Since I could not figure out how to save a list with dataframes, I concatinated the list and saved everything as one dataframe: pd.concat(data).to_csv(csvfile)
由于我不知道如何使用数据框保存列表,我将列表连接起来并将所有内容保存为一个 dataframe: pd.concat(data).to_csv(csvfile)
For reading the.csv I tried this: df = pd.read_csv(csvfile)
This will give the location of all zeros zero_indices = list(df.loc[df['Unnamed: 0'] == 0].index)
为了阅读 .csv 我试过这个: df = pd.read_csv(csvfile)
这将给出全零的位置zero_indices = list(df.loc[df['Unnamed: 0'] == 0].index)
Append the number of rows to this to get the last dataframe zero_indices.append(len(df))

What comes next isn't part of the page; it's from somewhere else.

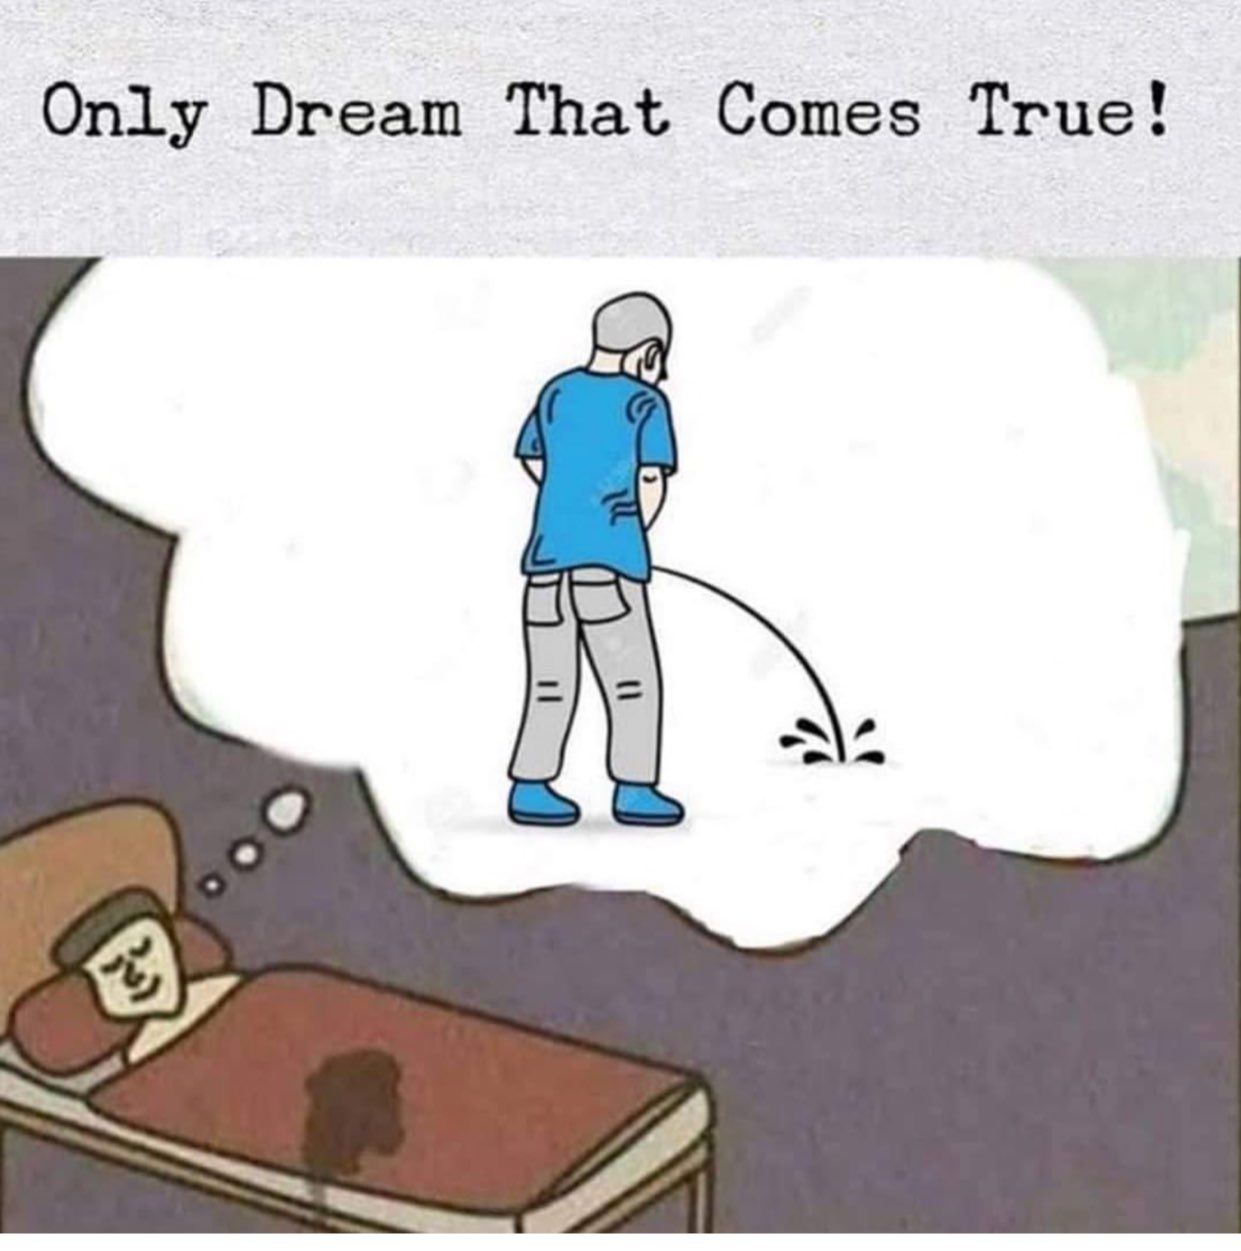 Only dream that comes true

Append 行数到此得到最后 dataframe zero_indices.append(len(df))
Get the ranges - tuples of consecutive entries in the above list zero_ranges = [(zero_indices[i], zero_indices[i+1]) for i in range(len(zero_indices) - 1)]
获取范围 - 上述列表中连续条目的元组zero_ranges = [(zero_indices[i], zero_indices[i+1]) for i in range(len(zero_indices) - 1)]

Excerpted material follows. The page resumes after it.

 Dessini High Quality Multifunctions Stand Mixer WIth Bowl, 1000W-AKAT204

Extract the dataframes into a list X_test = [df.loc[x[0]:x[1] - 1] for x in zero_ranges]
将数据帧提取到列表中X_test = [df.loc[x[0]:x[1] - 1] for x in zero_ranges]

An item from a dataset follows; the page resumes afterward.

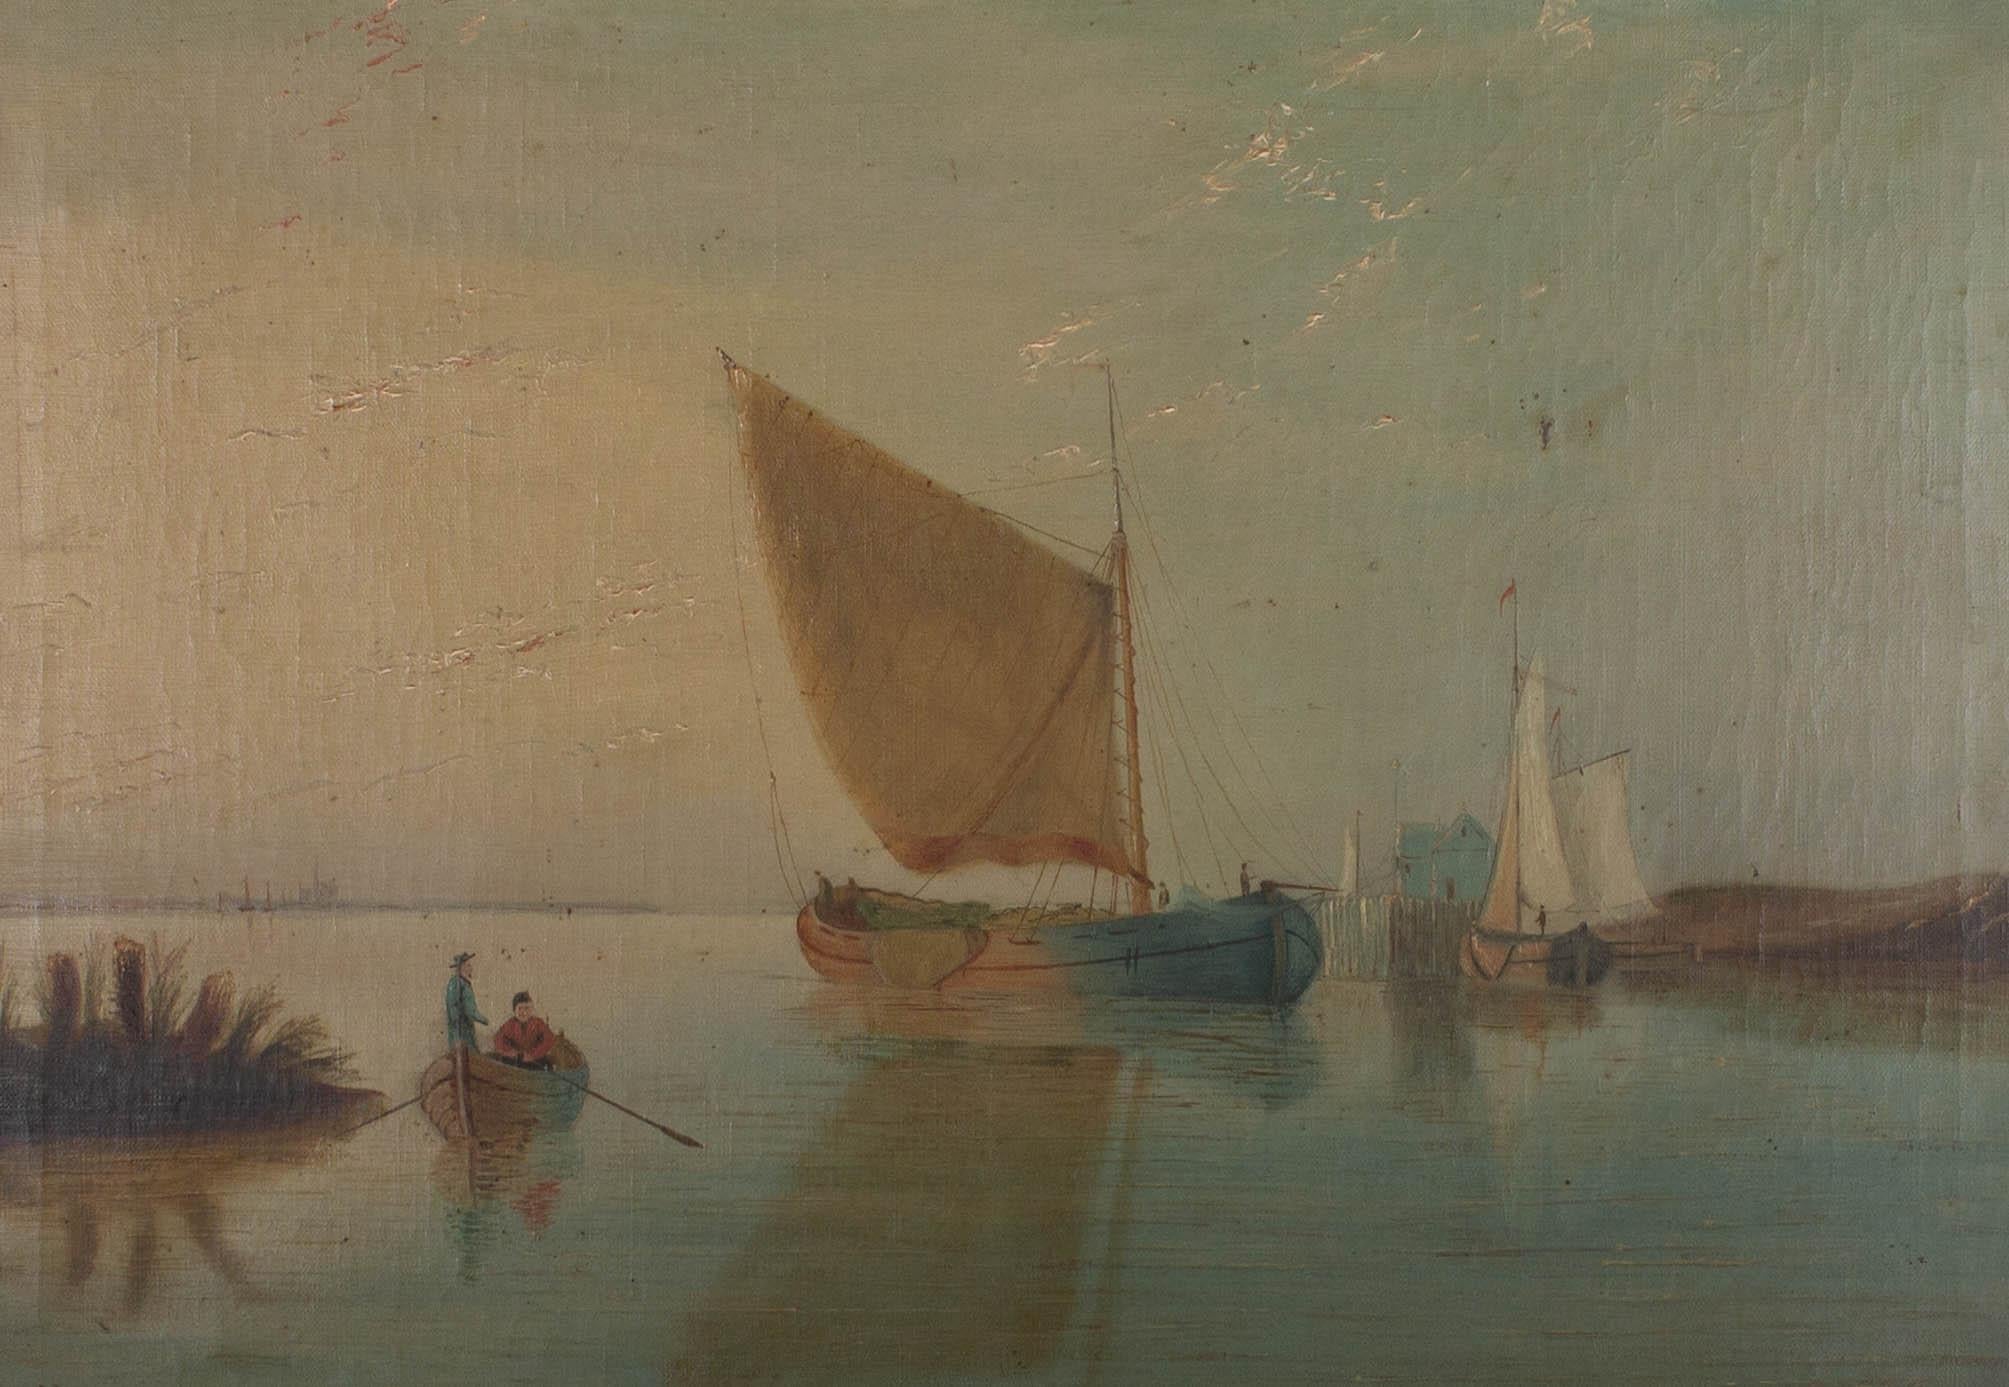 A fine nautical oil of a gaff rigged sloop, moored in an estuary. Two figures man a rowing boat at the lower left and the artist has signed and dated to the lower left corner. The painting has been finely presented in an early 20th Century gilt

The problem I have is that the index is in the final list with dataframes, but what I actually want is the column "Unnamed: 0" in the final list to be set as the index for each dataframe:我遇到的问题是索引位于带有数据框的最终列表中,但我真正想要的是最终列表中的列“未命名:0”被设置为每个 dataframe 的索引:
I am not entirely sure of how you wanted to approach this, but this is what I understood from your problem statement.我不完全确定你想如何解决这个问题,但这是我从你的问题陈述中理解的。 Let me know if its what you wanted:让我知道它是否是您想要的:
We have two df's:我们有两个df:
>>> ee = {"Unnamed : 0" : [0,1,2,3,4,5,6,7,8],"price" : [43,43,14,6,4,2,6,4,2], "time" : [3,4,5,2,5,6,6,3,4], "hour" : [1,1,1,5,4,3,4,5,4]}
>>> one = pd.DataFame.from_dict(ee)
>>> dd = {"Unnamed : 0" : [0,1,2,3,4,5],"price" : [23,4,32,4,3,234], "time" : [3,2,4,3,2,4], "hour" : [3,4,3,2,4,4]}
>>> two = pd.DataFrame.from_dict(dd)
Which looks like this:看起来像这样:
print(one)
Unnamed : 0 price time hour
0 0 23 3 3
1 1 4 2 4
2 2 32 4 3
3 3 4 3 2
4 4 3 2 4
5 5 234 4 4
print(two)
Unnamed : 0 price time hour
0 0 23 3 3
1 1 4 2 4
2 2 32 4 3
3 3 4 3 2
4 4 3 2 4
5 5 234 4 4
Now combining these two lists, by a list operator:现在通过列表运算符组合这两个列表:
list_dfs = [one,two]
print(list_dfs)
[ Unnamed : 0 price time hour
0 0 43 3 1
1 1 43 4 1
2 2 14 5 1
3 3 6 2 5
4 4 4 5 4
5 5 2 6 3
6 6 6 6 4
7 7 4 3 5
8 8 2 4 4,
Unnamed : 0 price time hour
0 0 23 3 3
1 1 4 2 4
2 2 32 4 3
3 3 4 3 2
4 4 3 2 4
5 5 234 4 4]
Using the DataFrame's function使用 DataFrame 的 function
set_index()设置索引()
list_dfs_index = list(map(lambda x : x.set_index("Unnamed : 0"), list_dfs))
print(list_dfs_index)
[ price time hour
Unnamed : 0
0 43 3 1
1 43 4 1
2 14 5 1
3 6 2 5
4 4 5 4
5 2 6 3
6 6 6 4
7 4 3 5
8 2 4 4,
price time hour
Unnamed : 0
0 23 3 3
1 4 2 4
2 32 4 3
3 4 3 2
4 3 2 4
5 234 4 4]
Alternatively,you can use the same set_index function to set the index as 'Unnamed: 0', before the putting the dataframes into a list.或者,在将数据帧放入列表之前,您可以使用相同的 set_index function 将索引设置为“未命名:0”。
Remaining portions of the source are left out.